*** Block opens ***

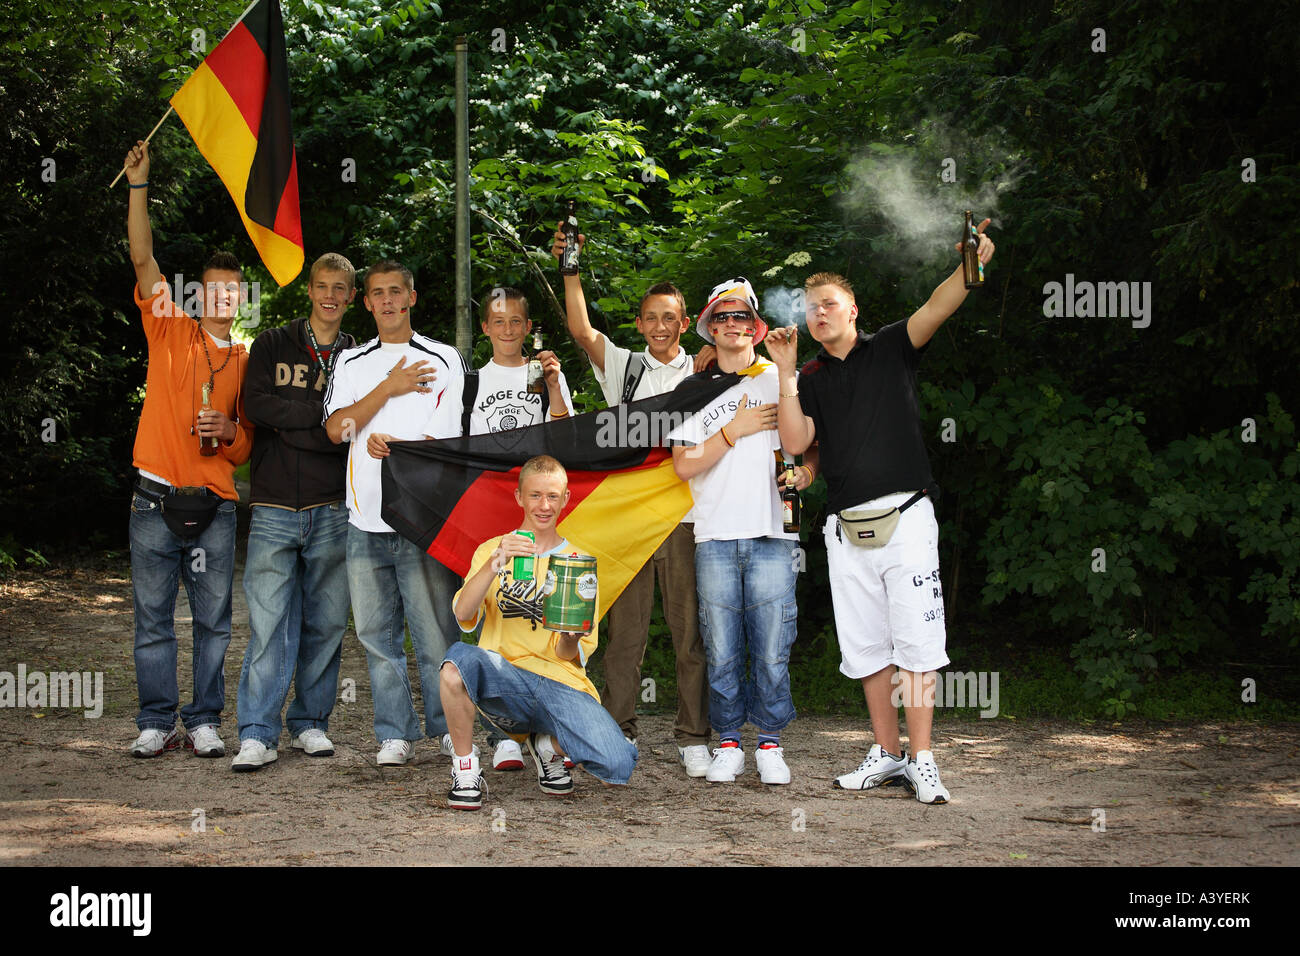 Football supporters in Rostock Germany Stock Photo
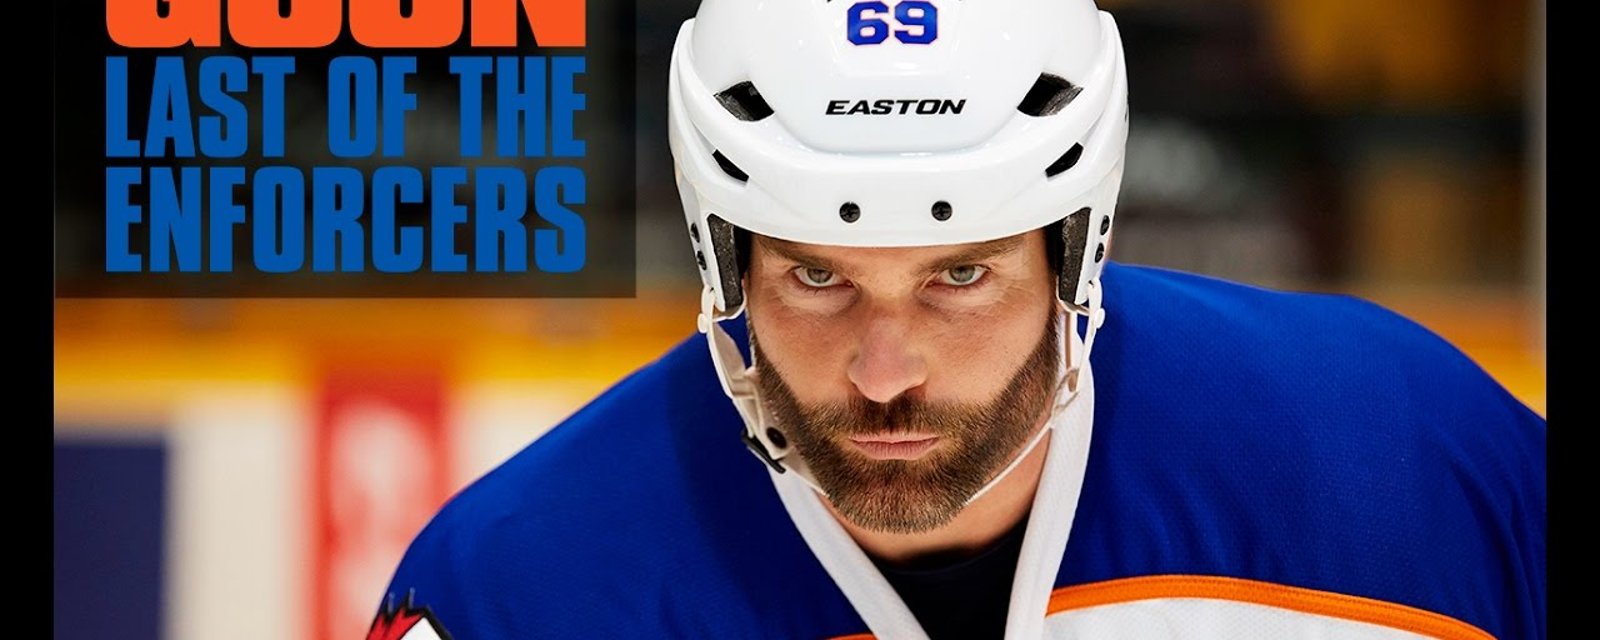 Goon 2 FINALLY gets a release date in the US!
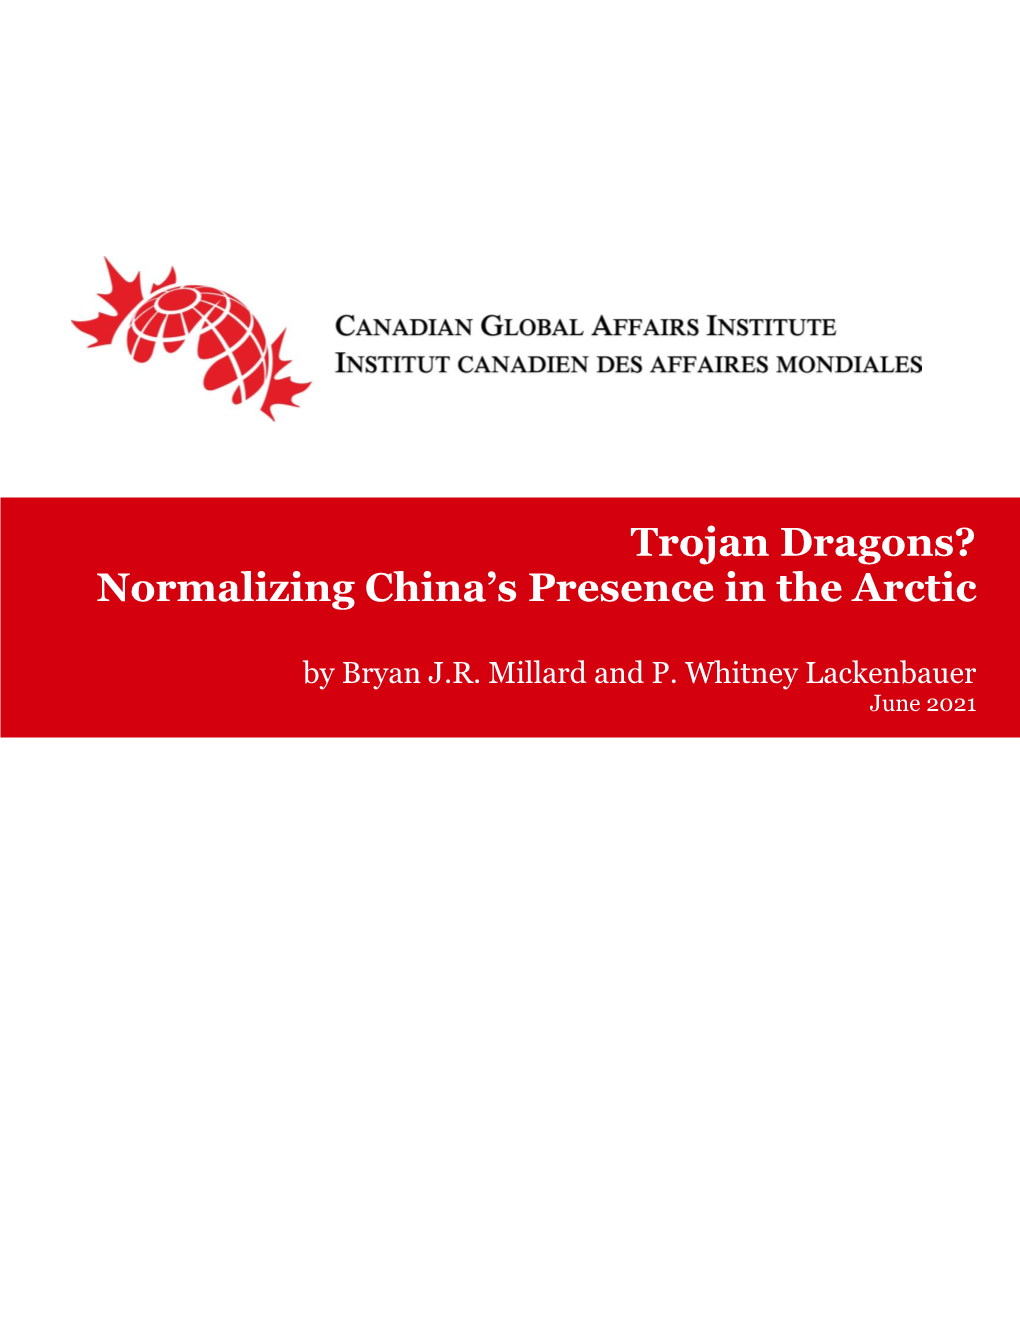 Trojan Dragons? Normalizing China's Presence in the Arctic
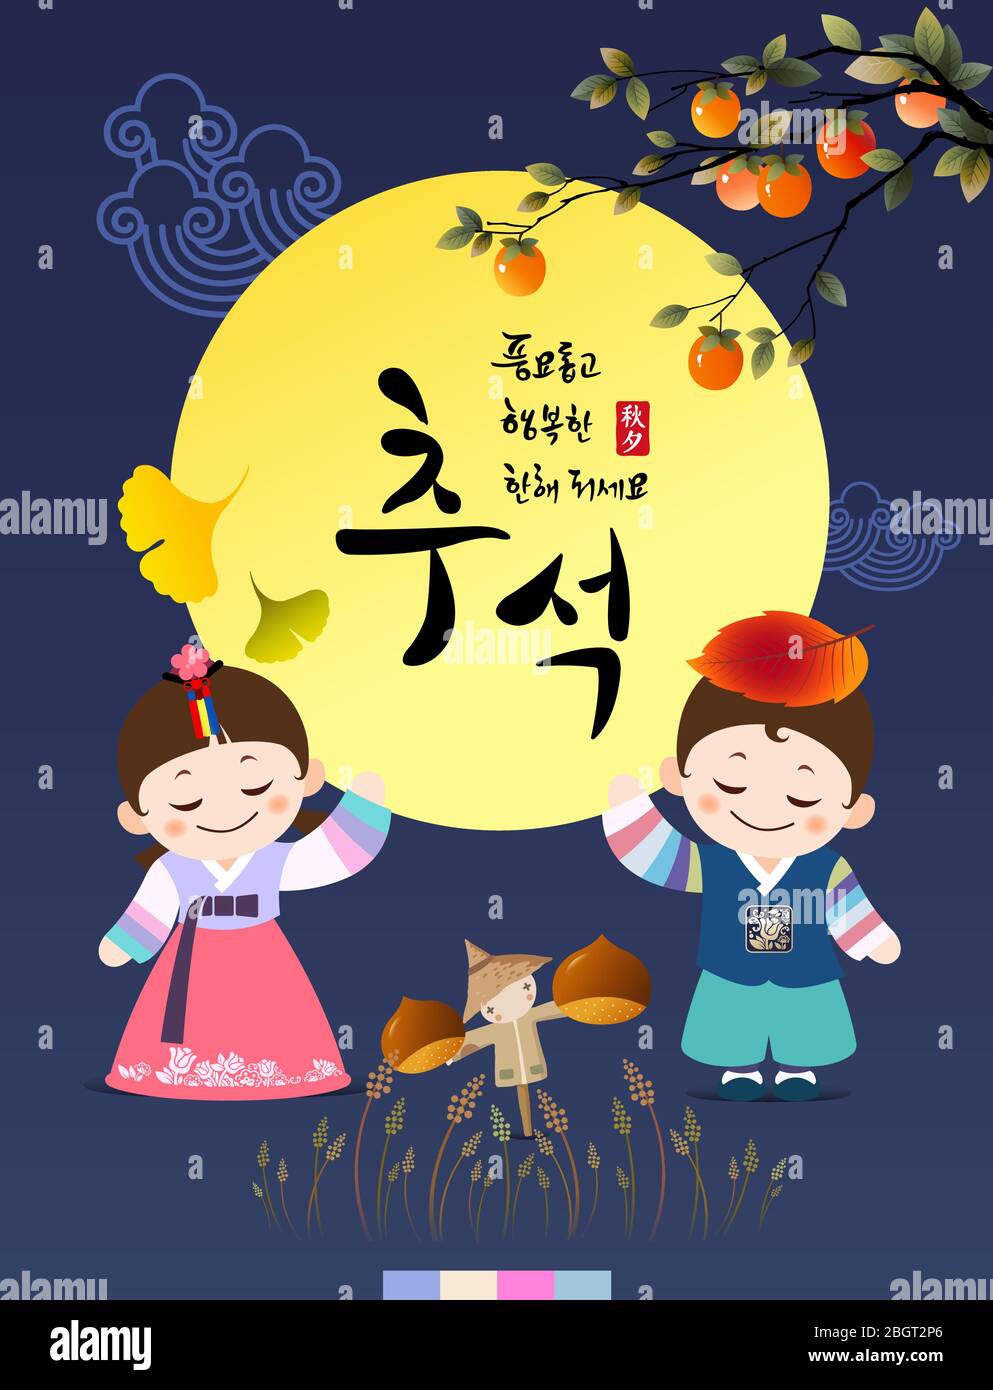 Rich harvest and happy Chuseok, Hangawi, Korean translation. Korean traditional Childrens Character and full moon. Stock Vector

*** Block closes ***

# Required work
Pictures are to be left out; the listing above is otherwise to be copied exactly.

# Solved exercise
 Football supporters in Rostock Germany Stock Photo
 Goon 2 FINALLY gets a release date in the US!
 Trojan Dragons? Normalizing China's Presence in the Arctic
 Rich harvest and happy Chuseok, Hangawi, Korean translation. Korean traditional Childrens Character and full moon. Stock Vector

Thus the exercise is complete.